- _What the task asks_: Below is a listing with pictures. Repeat exactly the lines starting at the one holding "IKEA Ribba 9x9 White Picture Frame" and going on through the one holding "hodsock priory wedding", and leave every picture out.

- _Record extracts_:
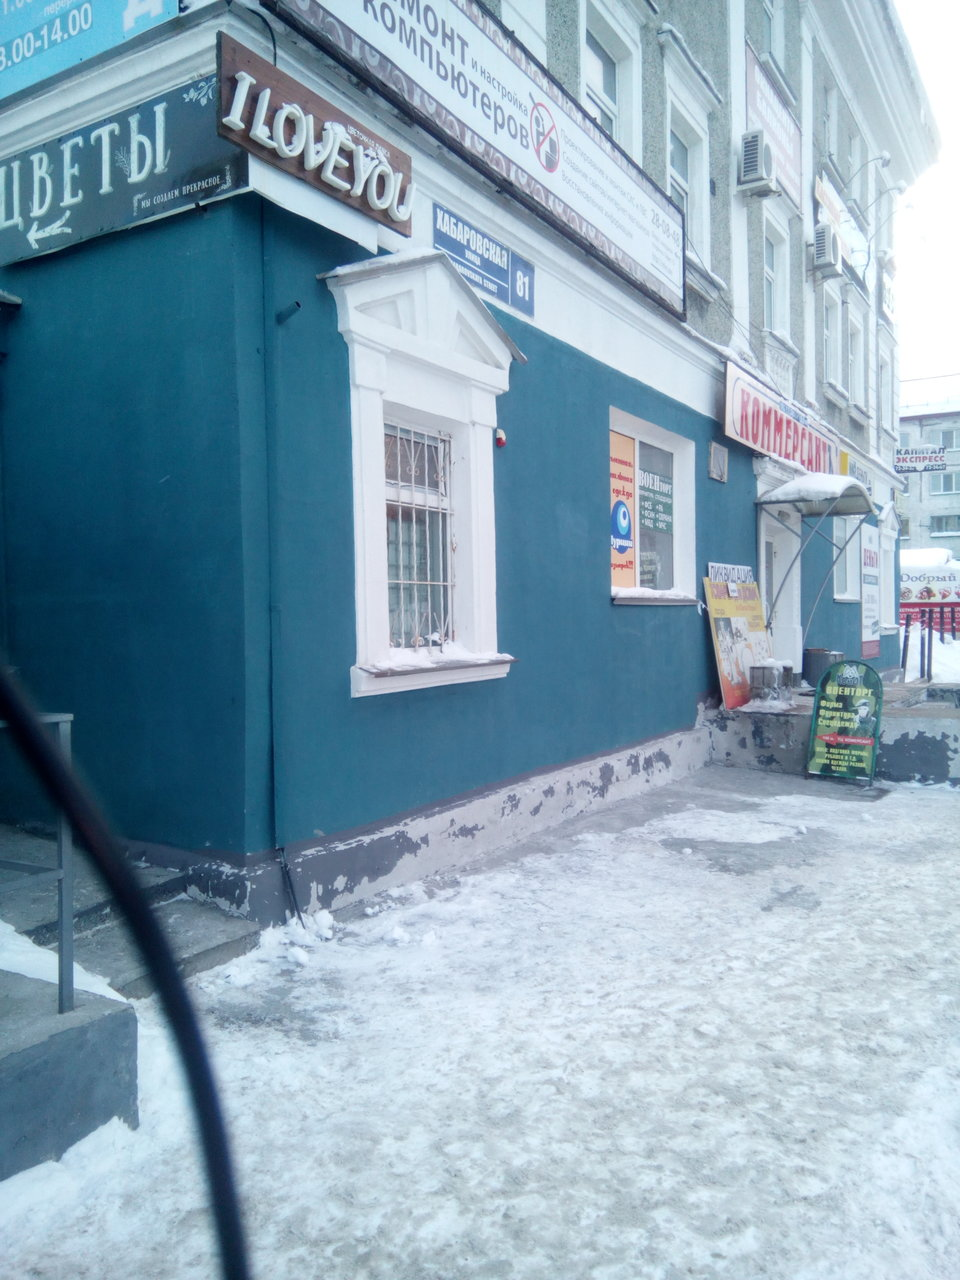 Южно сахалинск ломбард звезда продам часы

==

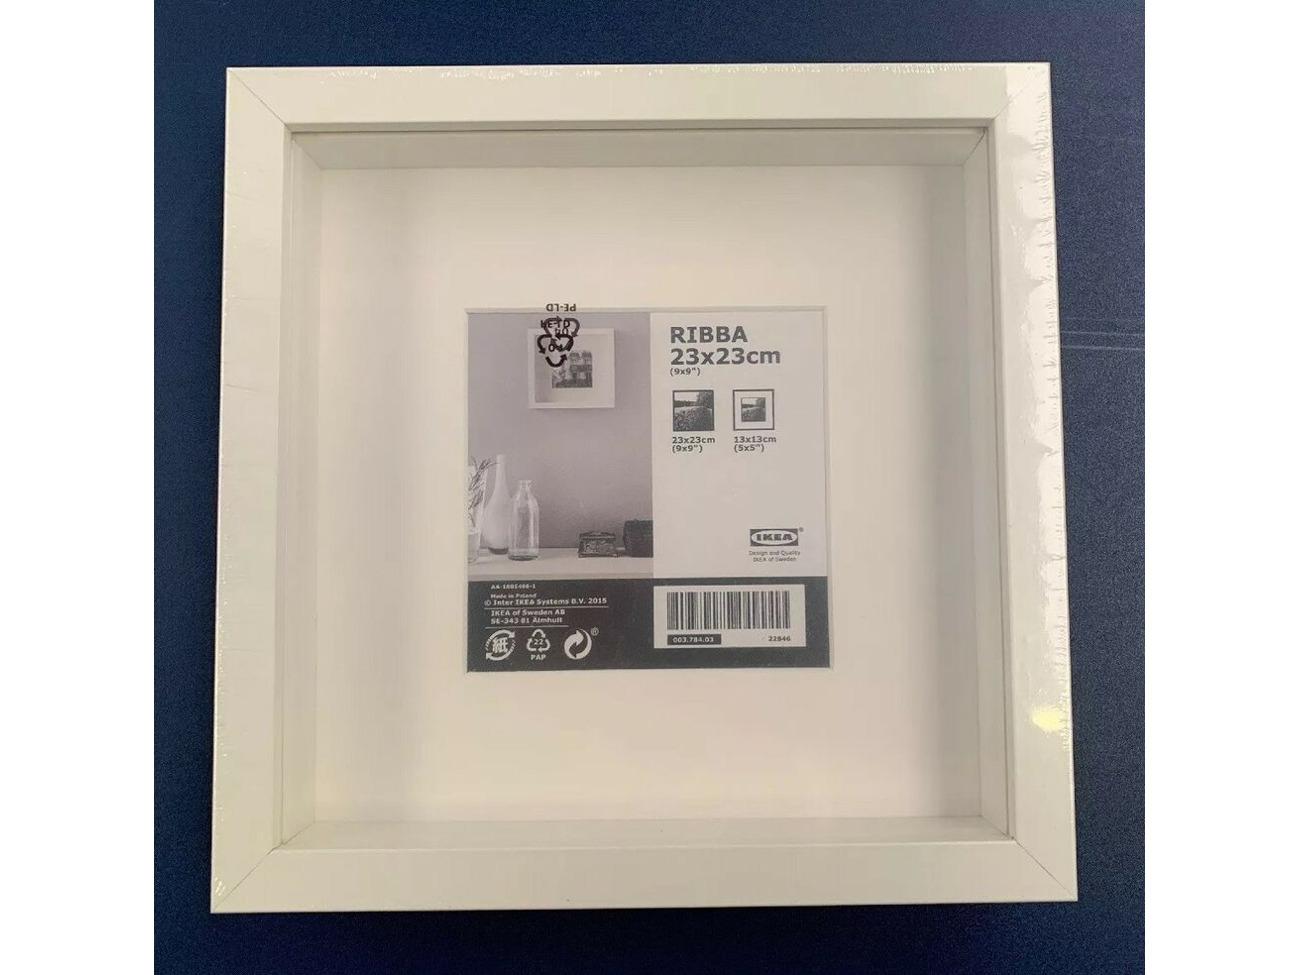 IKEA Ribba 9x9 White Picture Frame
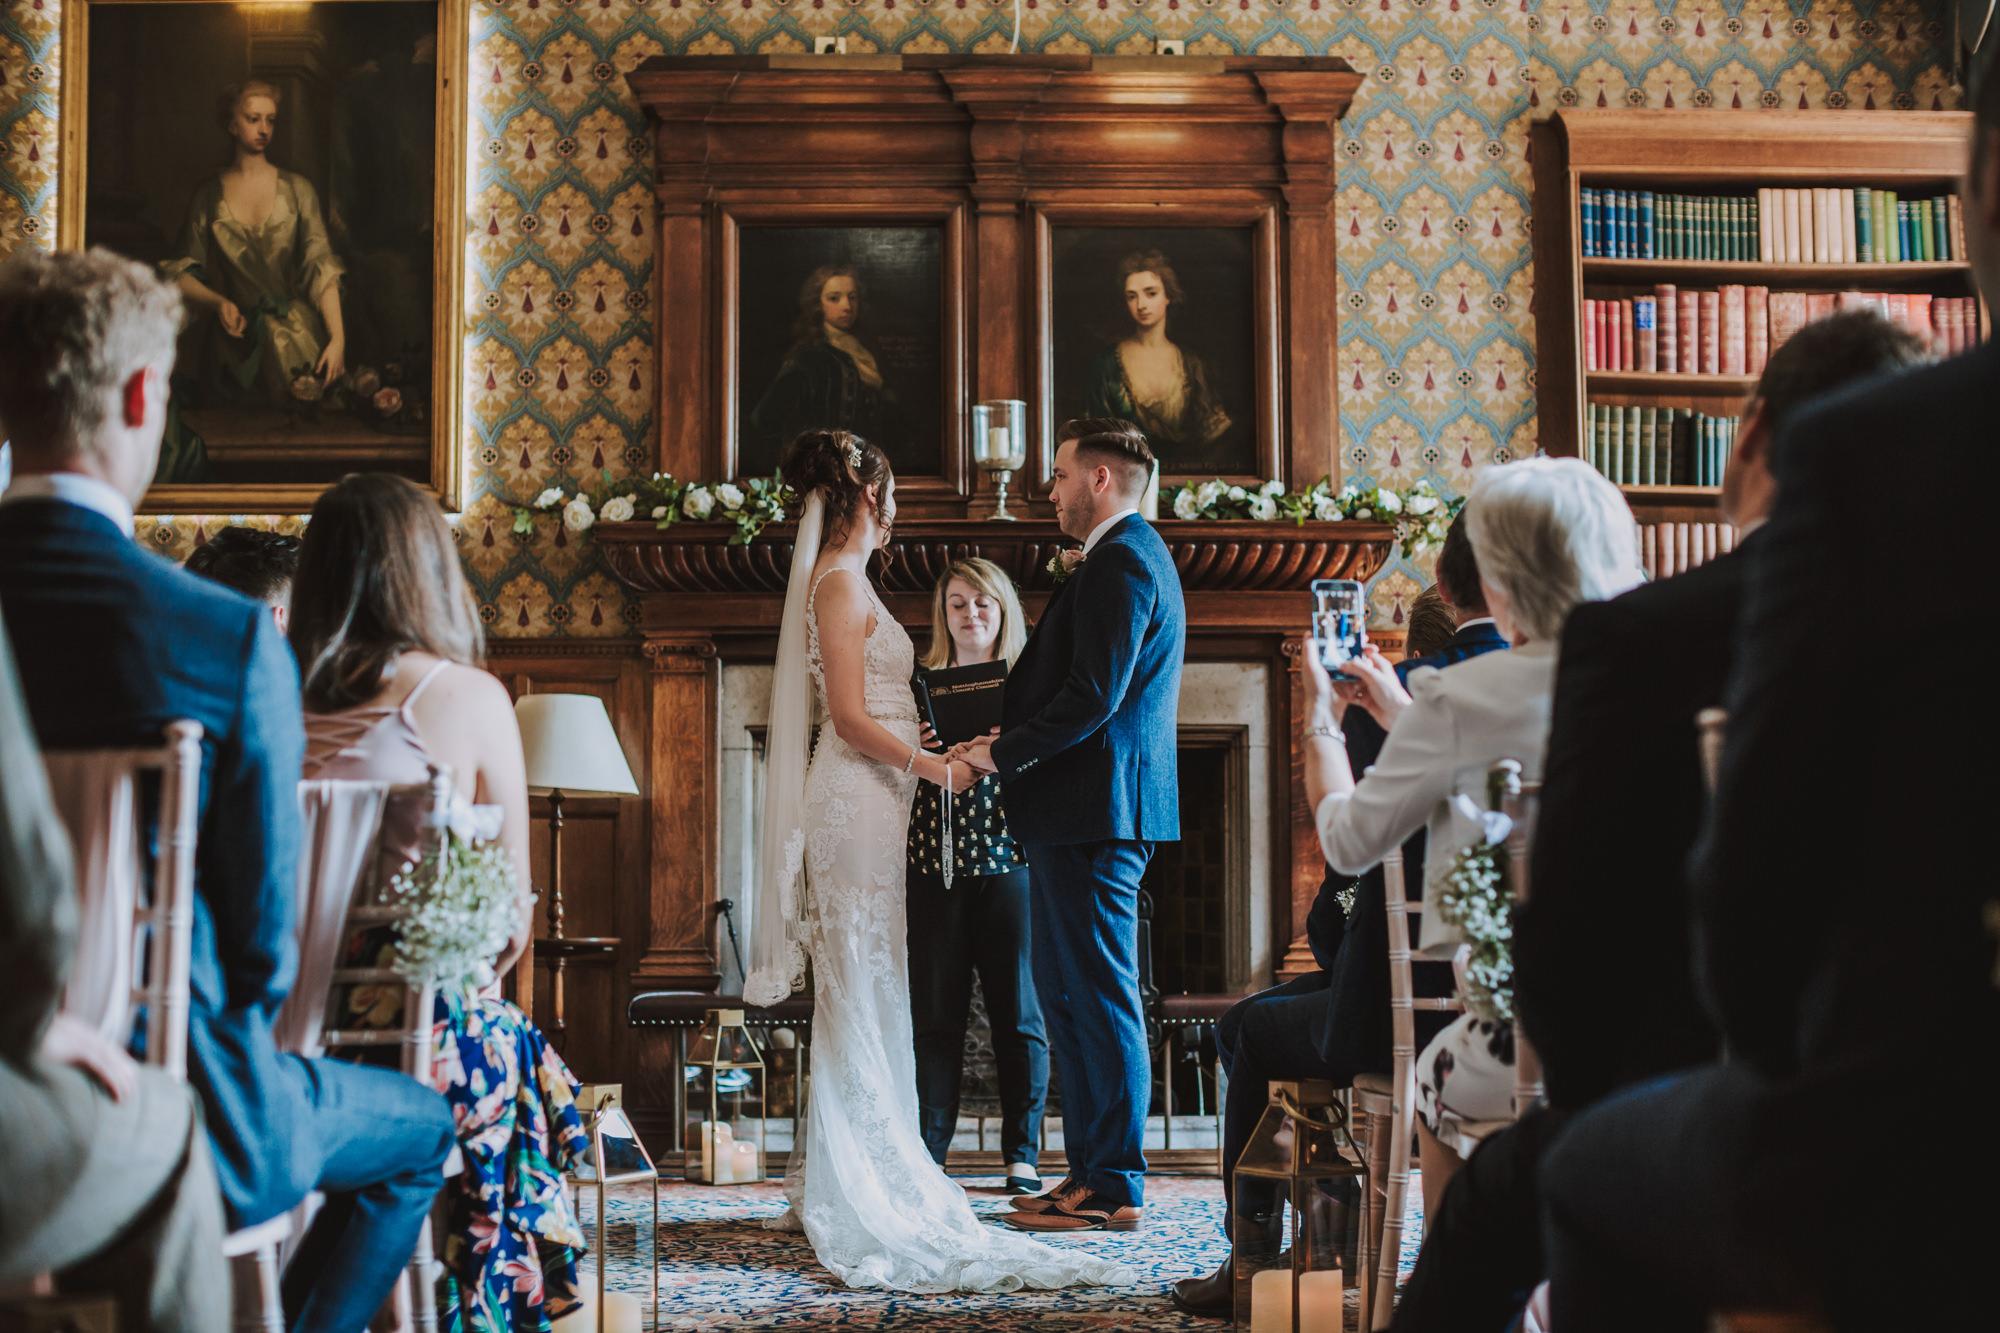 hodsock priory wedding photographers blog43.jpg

...

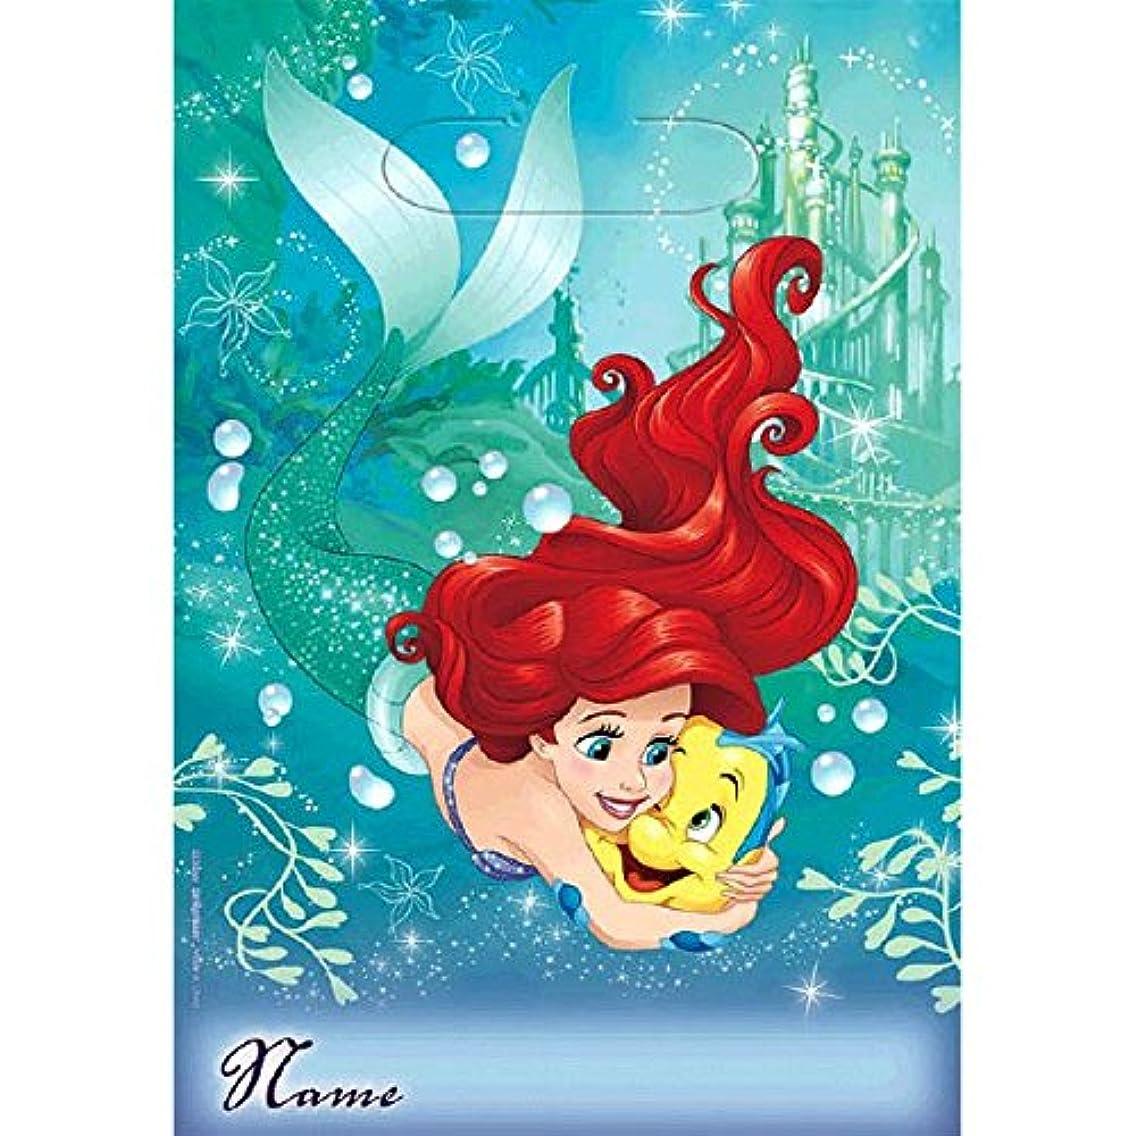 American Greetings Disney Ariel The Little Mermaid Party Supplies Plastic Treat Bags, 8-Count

- _Task answer_:
 IKEA Ribba 9x9 White Picture Frame
 hodsock priory wedding photographers blog43.jpg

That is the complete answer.